Pues vino el lobo a las cabras: el animal tendría hambre y venía adolecido del tiro que le dio mi consuegro, y se topó con uno de nuestros perros, que era un mastinaco grande, y le dio una truca que lo dejó medio baldado; pero el lobo, a pesar de estar herido, se defendió y pudo escaparse del perro. Era un lobo macho, muy largo y alto. Y al soltarse del perro se volvió para atrás y vino a toparse con unos zagales que llevaban otro hatajete de cabras y que tenían con ellos unos perrillos cazadorillos, de esos pequeños. Los muchachos salieron a un collado que le dicen La Cuesta del Muerto, cuando sintieron a los perruchos, ¡chau-chau, chau-chau!, y los zagales, sin poderse imaginar lo que era aquello, se arrimaron a donde estaban latiendo los perrillos, y entonces vieron al lobo, y el lobo los vio a ellos, y saltó de una bujea en la que se había metido y se tiró para abajo: ya el animal muy adolecido del tiro y de la sangre que había perdido y de la trilla que le dio el perro nuestro. Como ya no le quedaban fuerzas para gatear, se tiró por una garitilla a un poyato, pero luego se encontró como pillado en un cepo porque para arriba no podía salir, y se quedó allí empoyatado.

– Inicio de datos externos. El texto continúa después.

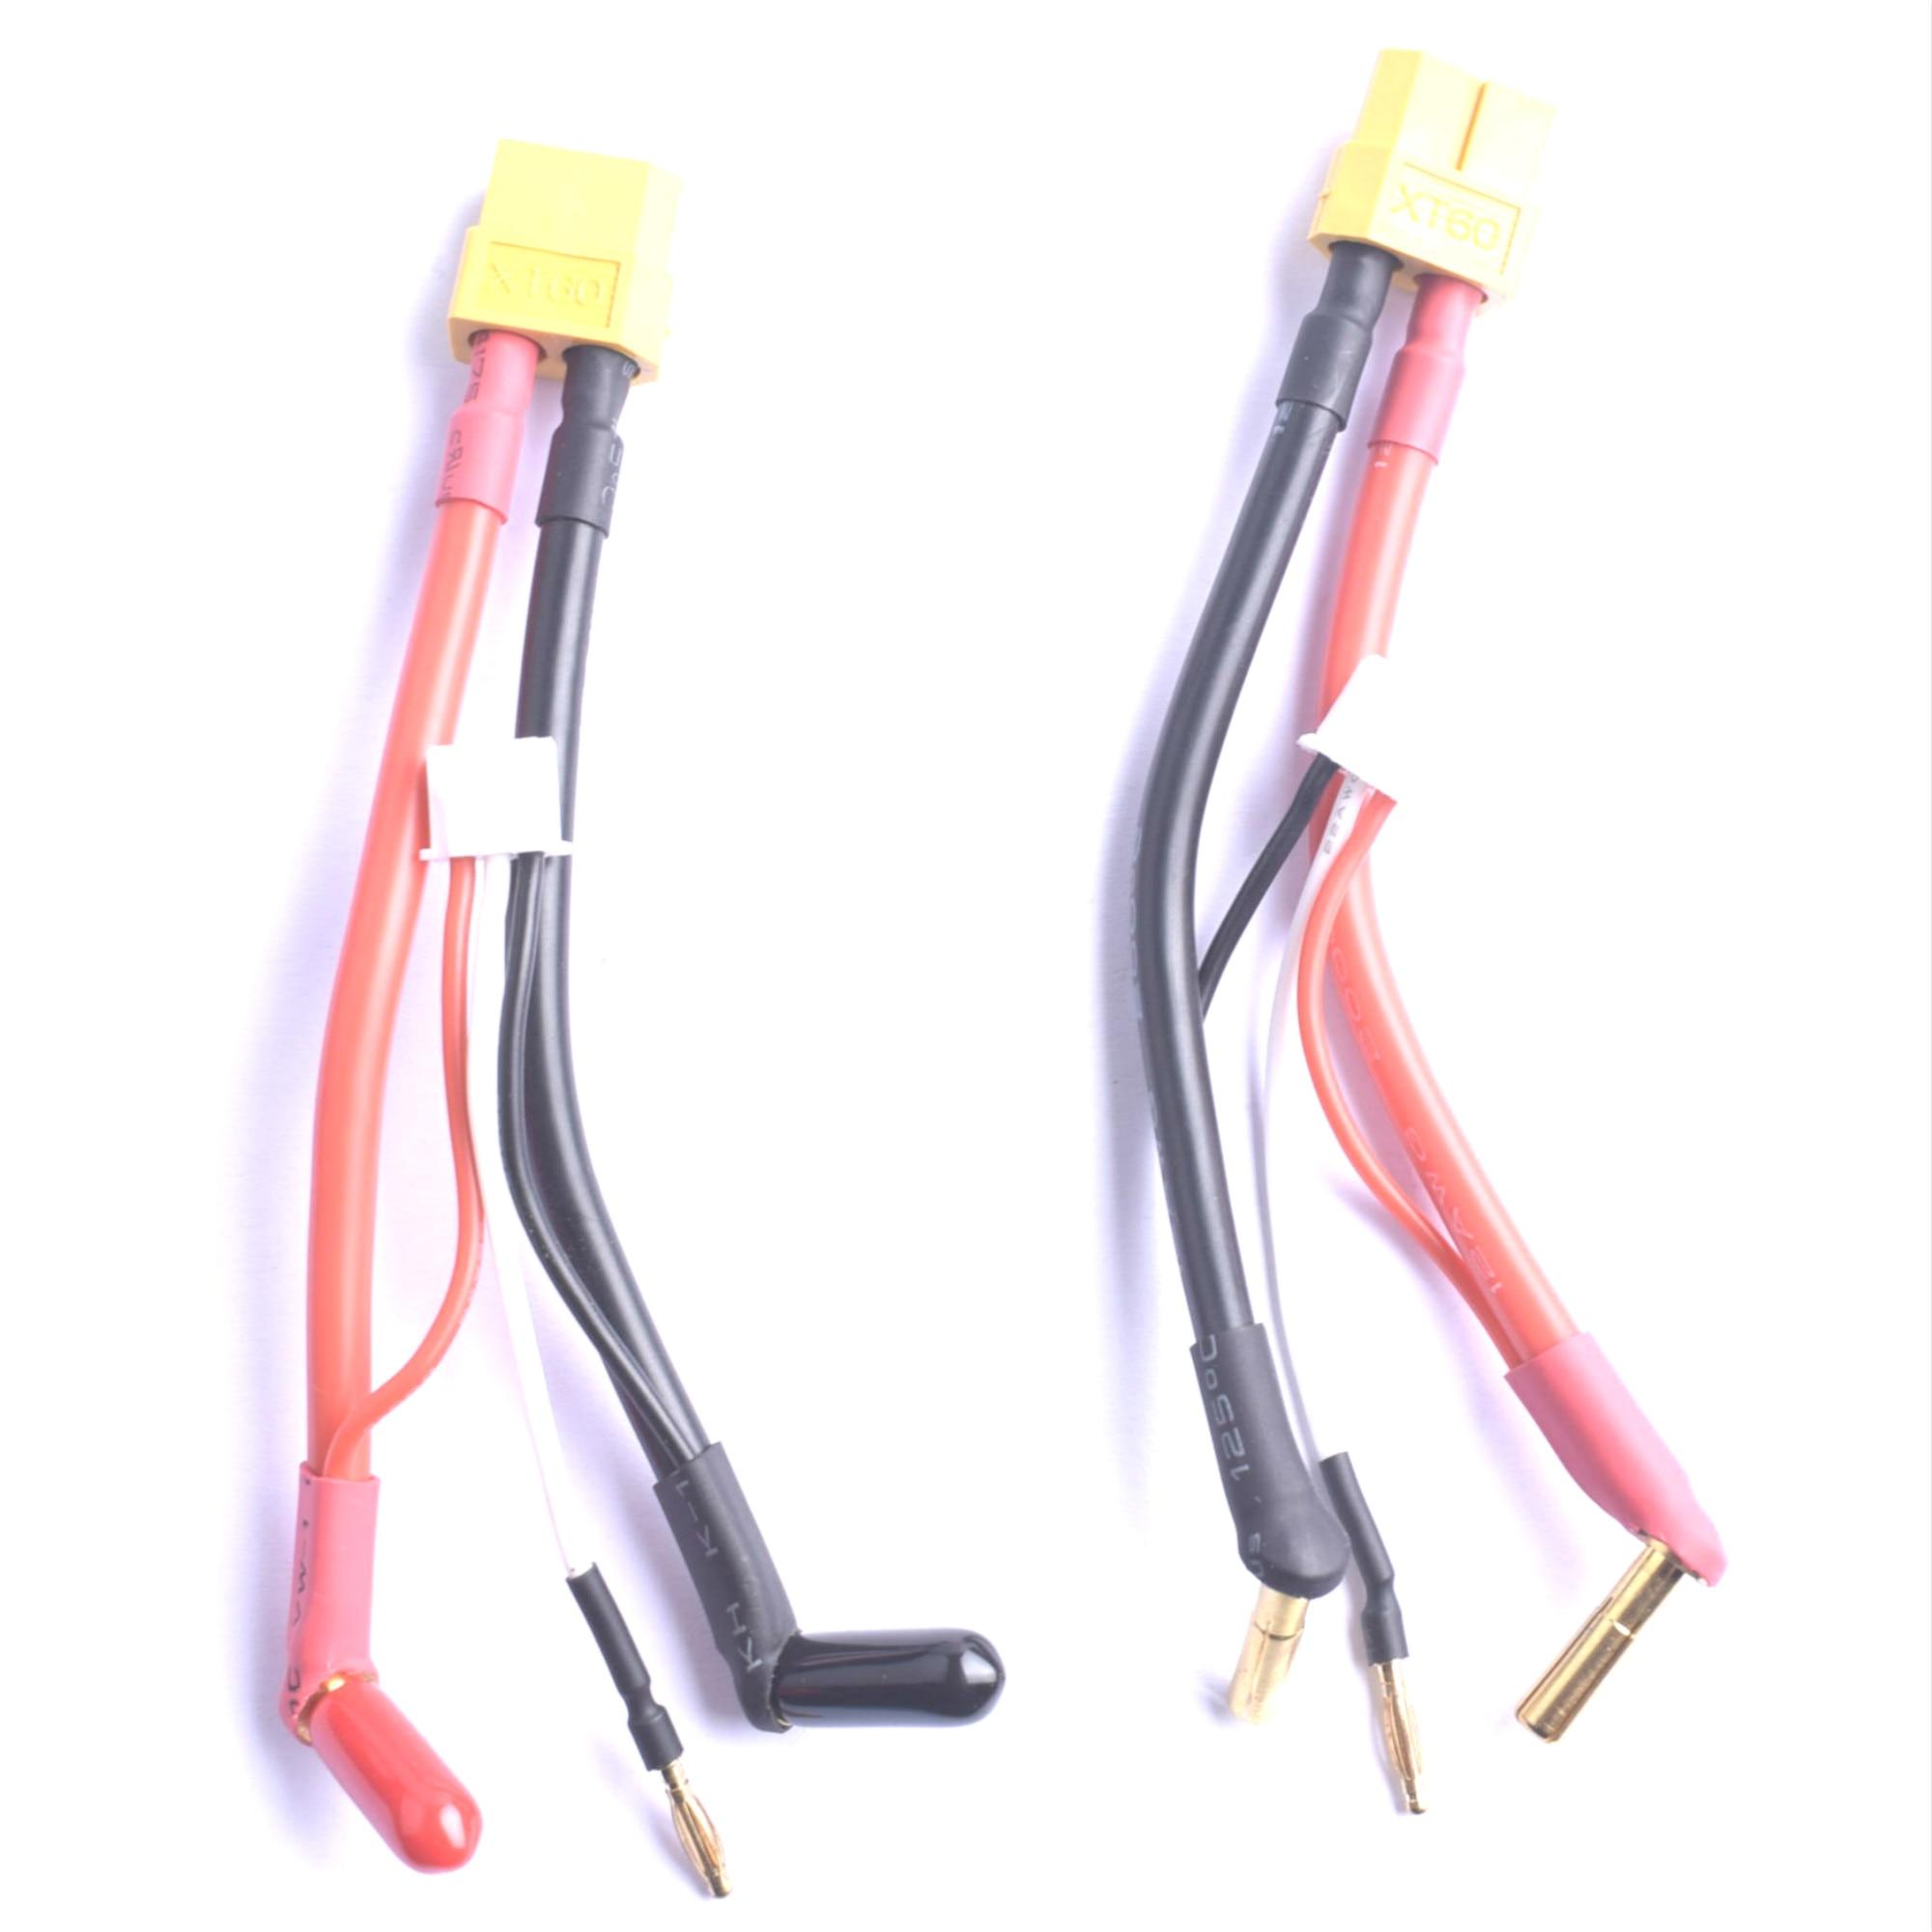 Harness lipo hardcase 2 s jst xh equilíbrio xt60 tamiya deans ec3 ec5hxt traxxas plug a 90 graus 4.0mm conector de bala com capa

Los zagales, asustados, vieron pasar a lo lejos al Tío Victoriano, el abuelo de mi yerno Juan José, el marido de mi Lola, que estaba de guarda en «La Hortizuela» y llevaba el hombre su escopeta colgada del hombro. De modo que los zagales, al verlo, le echaron voces:

—¡Tío Victoriano! ¡Tío Victoriano!

Y él, al oír a los muchachos llamarle, les preguntó:

—¿Qué os pasa?

Y ellos gritaron:

—Venga usted, que aquí hay un lobo muy grande en un poyato.

Entonces, el Tío Victoriano bajó del monte y se acercó adonde estaban los zagales, y subió por una garitilla que había por donde mismo había colado el lobo y vino a ponerse encima de él, y desde allí, a bocajarro, le dio un tiro y lo echó abajo.

Pues cogieron al lobo, y el Tío Victoriano se lo dio al padre de aquellos zagales para que lo desollaran y le llenaran la piel de paja, como era costumbre, y fueran a pedir con él. Salieron a pedir con el lobo, y recogieron cuarenta reses. Todos los ganaderos les iban dando algo: el uno, una borrega; el otro, una chota. Cada cual lo que tenía voluntad.

Y ese fue el último lobo que se conoció aquí. Después no se han visto más.